Пришёл — прямой как палка и тощий, в идиотском чёрном костюме, как на похороны. Мама смотрела в глаза: мне — заискивающе, ему — влюблённо. Как меня не вывернуло прямо на новенький ковёр от этого взгляда? Я ей так и заявил, а она — всхлип, дрожащие губы, обида какая-то! Будто я виноват. Будто я обязан любить его.

Имя у него было совершенно дурацкое. Се-ве-рус. Она сказала мне: зови его по имени, сынок, даже если не будешь звать отцом.

Я с тех пор звал его «мистер Снейп» — вслух, «сукинсын» — про себя.

Это я через несколько недель после его появления на нашем пороге узнал, что он преподаёт философию в университете. И стал изредка звать его «профессором, сэром»: он всегда бледнел от ярости, а я улыбался. И мне было хо-ро-шо. Я только маму не хотел расстраивать — понимаете, она часто плакала после моих разговоров с ним, а плакать ей было нельзя. Слабое сердце.

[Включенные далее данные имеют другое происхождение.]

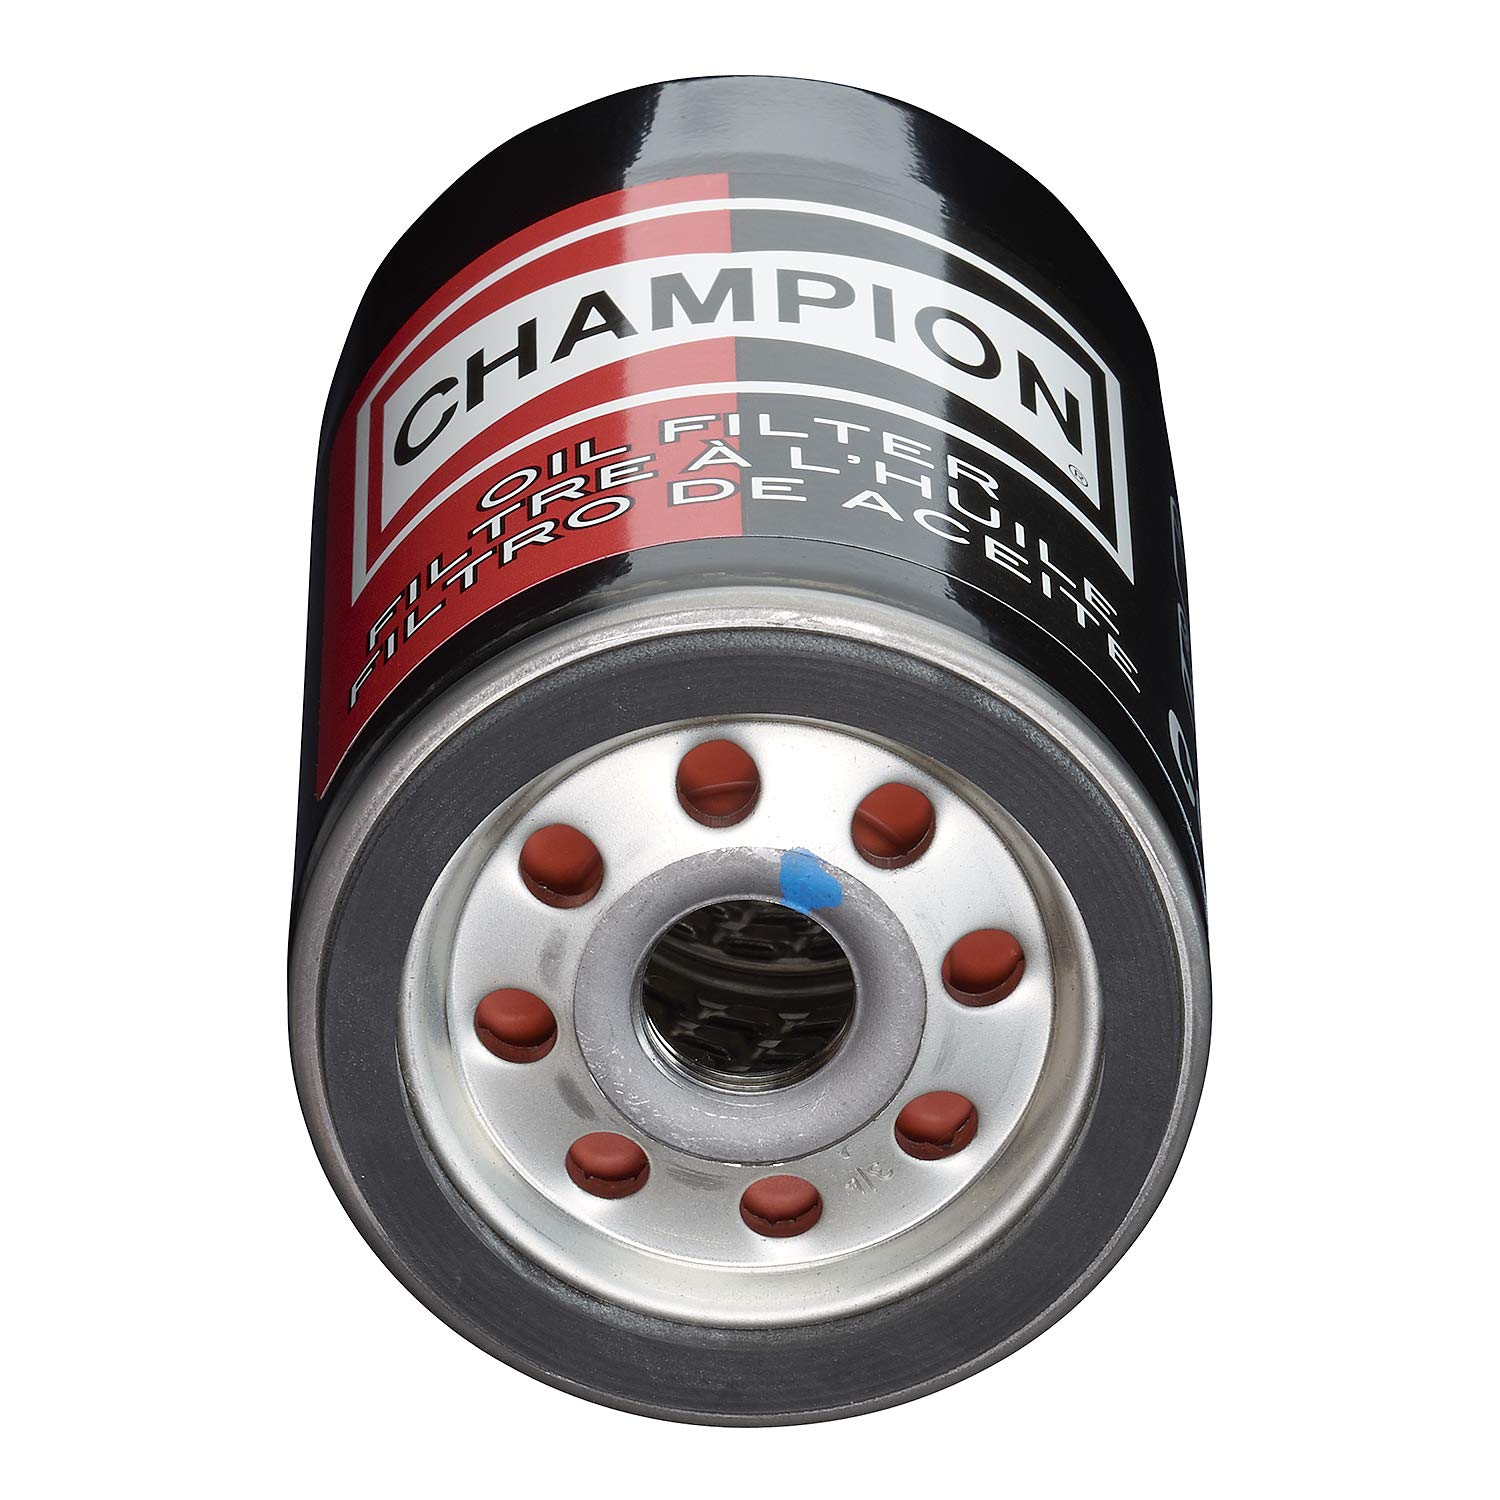 Champion COS2870A Spin-On Oil Filter Audi/VW/Linde 1971-2016

Она так плакала из-за смерти папы, а теперь — из-за него, и я её за это почти ненавидел. Она приходила ко мне вечером, тихонько стучалась в дверь комнаты, ожидая, пока я открою (я чаще не открывал), а потом присаживалась на край моей кровати и долго молчала. Я эти её визиты еле переносил — она всегда смотрела виновато и очень устало, а я знал, конечно, знал, что она не при чём, что она не может вечно тосковать по папе, что она у меня очень молодая — только морщинки у глаз портили образ смешливой рыжей девочки, — и ей совсем, совсем никак нельзя одной. Я знал, конечно, но молчал тоже — и поворачивался к ней спиной, закрывая глаза и вжимаясь щекой в подушку. Под веками у меня всегда вставала гадкая картинка: тонкая золотая полоска на её пальце.

Иногда она гладила меня по голове — и мне хотелось выкрикнуть: а его, его ты тоже трогаешь так ласково? с ним ты тоже так нежна? так иди к нему, к своему профессору сукинусыну!

Мам, говорил я ей, мам. А потом терял мысль — и во рту становилось горько, и продолжать уже не хотелось.

Он, конечно, меня не любил тоже. У нас это было взаимно — полные тихой ярости взгляды над тарелками с мамиными оладьями. Пока она не видела, пока стояла спиной к столу. Передайте мне сахар, говорил я ему, сахар передайте, профессор. И он смотрел на меня нечитаемым взглядом, и глаза у него были очень злые, очень чёрные и очень холодные, и сахарницу он в меня почти что швырял, а мама смеялась и качала головой: думала, наверное, что это мы с ним так забавляемся.

Мне она — мама, то есть — всегда казалась такой… вечной, что ли. То есть я о смерти, конечно, знал: ещё бы мне было не знать, я был напичкан умными словечками и всякими проявлениями абсурда по Камю под завязку. Но я не задумывался ни разу о том, что она, смерть, коснётся меня.

Папа маму иногда звал огоньком. Я помню это очень хорошо: я был маленьким и раскачивался на стуле, а она шутливо журила меня, и её волосы ерошил пущенный в дом на постой ветерок, и казалось, что они пылают; папа её обнимал со спины, касался губами щеки и говорил: огонёк мой, мой огонёк.

Она угасла за пару месяцев.

Я не знал, что она была беременна. Я только знал, что она ужасно похудела, что её рвало по утрам, что у неё вырос живот — огромный и почти уродливый в своей величине. То есть всё, конечно, указывало на самый очевидный вариант, но я боялся поверить и не верил — не верил, не верил, не верил.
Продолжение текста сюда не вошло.